What sort of guide would most help the nerdy boys and girls of 2009 understand and appreciate American politics? It is likely to be something altogether different from The Almanac of American Politics.

I have, as Matt W was gracious enough to point out, done my share of Congressional history. And the answer to Schmitt’s question is, of course, teh Internets: using the Congressional Biographical Directory, the House history site and the Senate history site, there’s not much you can’t figure out. If you’re minimally competent with a spreadsheet program, you can quickly create entire rosters of who’s in a given Congressional session. Pair that with information like what you get from Keith Poole, and you’re on your way to Congressional nerdtopia. No, don’t thank me.

But lordy, did Barone really write this book?

In 2004, he authored an entire book, Hard and Soft America, in which various books, ideas, policies, and politicians are classified as either “Hard” (good) or “Soft” (bad).

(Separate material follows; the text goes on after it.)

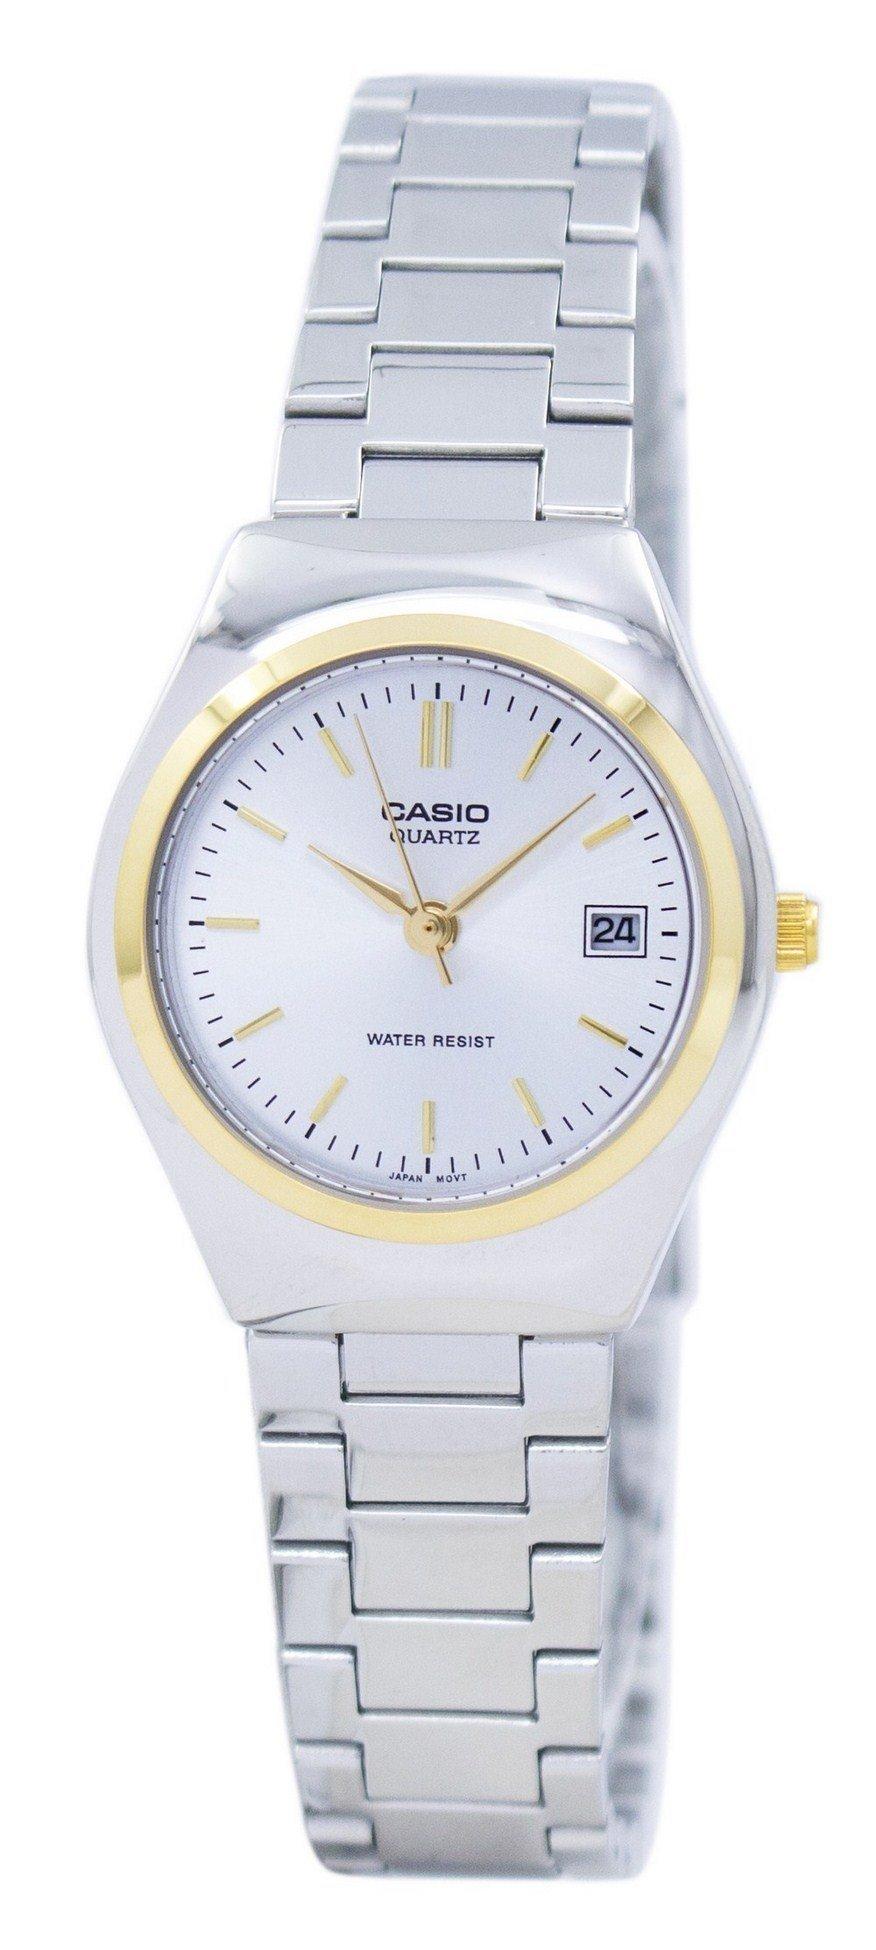 Casio Analog Quartz LTP-1170G-7ARDF LTP1170G-7ARDF Women's Watch

The world of Theodore Dreiser’s novels is admirably Hard, John Dewey’s theories of education are Soft. Social Security: Soft. Rudy Giuliani: Hard. Intellectuals: Soft. Most baby boomers: Soft. But George W. Bush: “a consistent advocate of Hardness.” And the ultimate in Hardness: “our amazing victories in Afghanistan and Iraq.”

Why yes, he did. How did I miss that particular effusion? Let us consult our verities: ah yes, “masculinity in crisis.” Heavens.